A principal of a top private school told the Royal Commission into child abuse that the sensationalist tendencies of the media are a “strong disincentive” for principals to report abuse allegations, Sky News reported.
The comments were made by The King’s School principal, Dr Timothy Hawkes, as he responded to suggestions that his failure to report an indecent assault was influenced by his concern for the school’s reputation.
David Lloyd, the counsel assisting the Commission, referred to an email from Hawkes to other private school heads about his attitude to reporting abuse following negative media reports about sex abuse allegations at Trinity Grammar School in 2000.
In the email tendered to the commission, he wrote:
“If in reporting an incident, it means the broad flapping ears of the press will be allowed to sensationalise the case on the front page of their newspapers, then this will be a very strong disincentive to report anything,” he wrote.

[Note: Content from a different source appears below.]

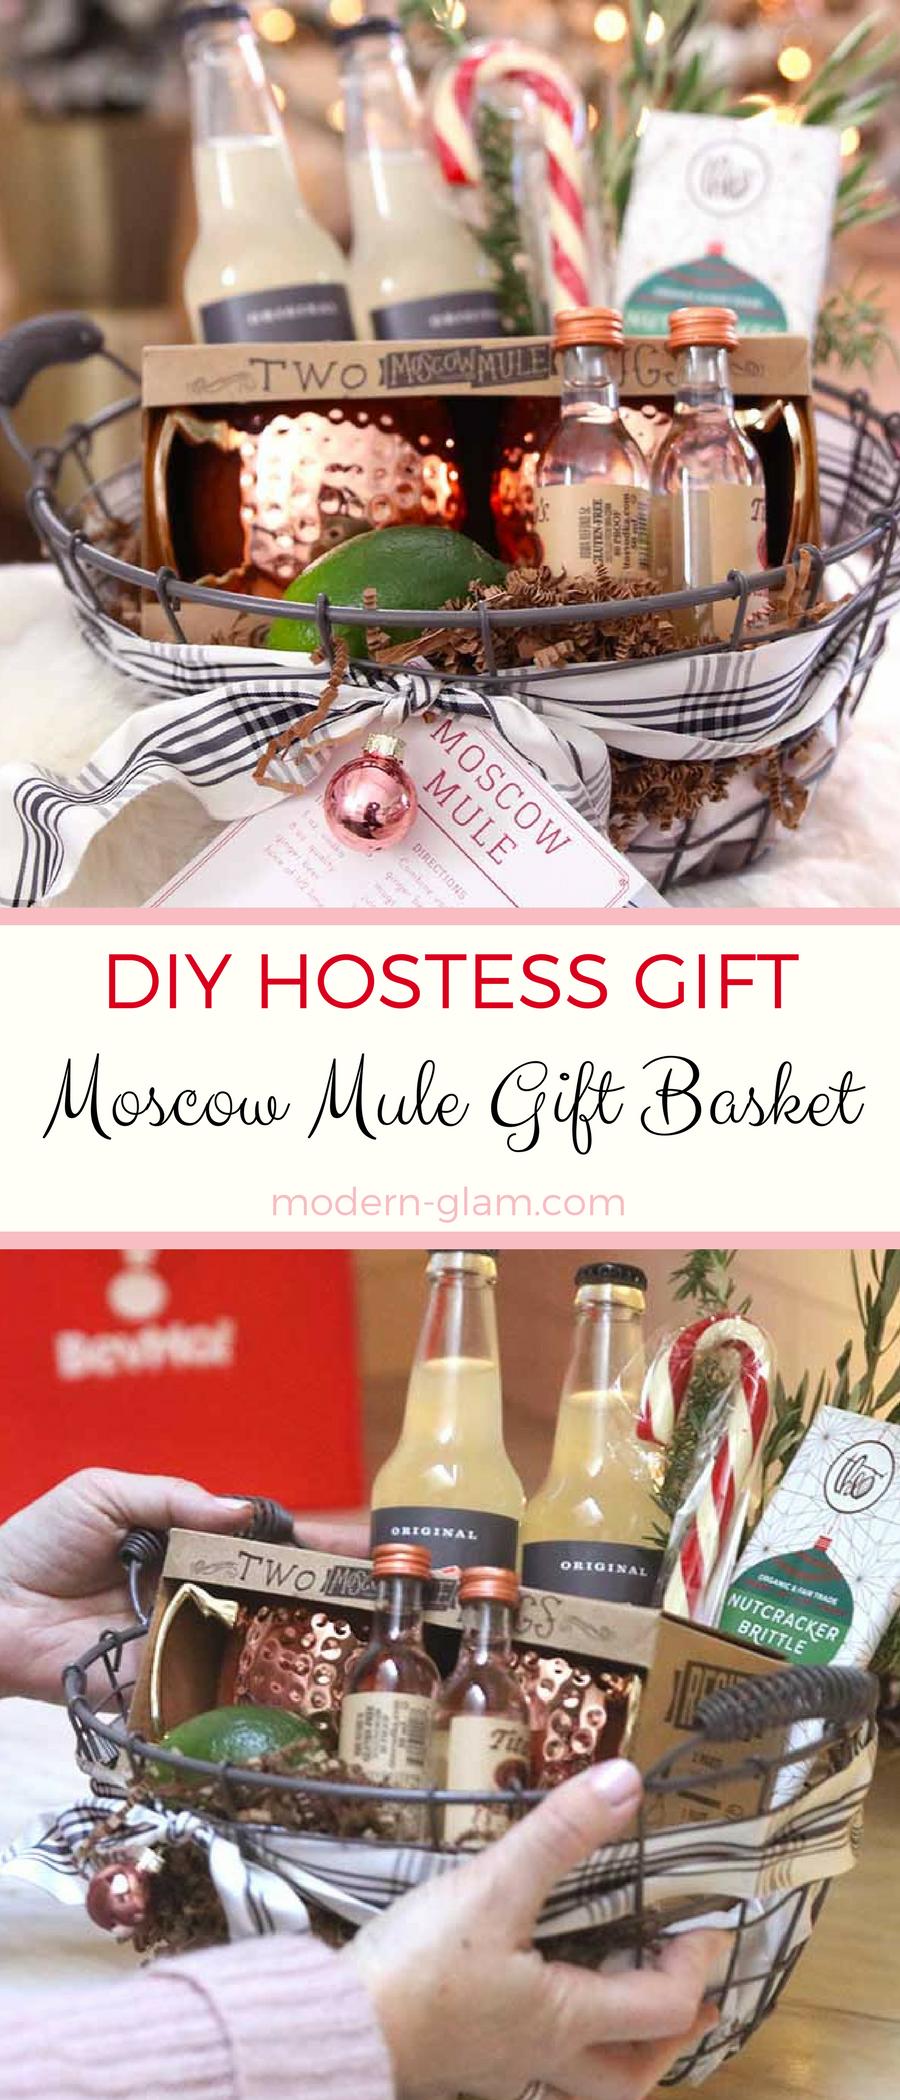 DIY hostess gift: Moscow Mule Gift Basket - Modern Glam

“No threats from legal quarters will come close to persuading a head that it is worth reporting something if this is the reward they are going to reap.”
Dr Hawkes said he still stood by his comments in the email. However, when asked if he had the same concerns about adverse publicity 13 years later in relation to the abused student, Dr Hawkes replied: “No, I did not.”
“Let's try and make sure that things that are reported to the police and DoCs [now Family and Community Services] are then not passed on possibly to the media – that was my point there,” he said.
Hearings into the school have now concluded, with the inquiry set to examine Shalom Christian College, Queensland later this week.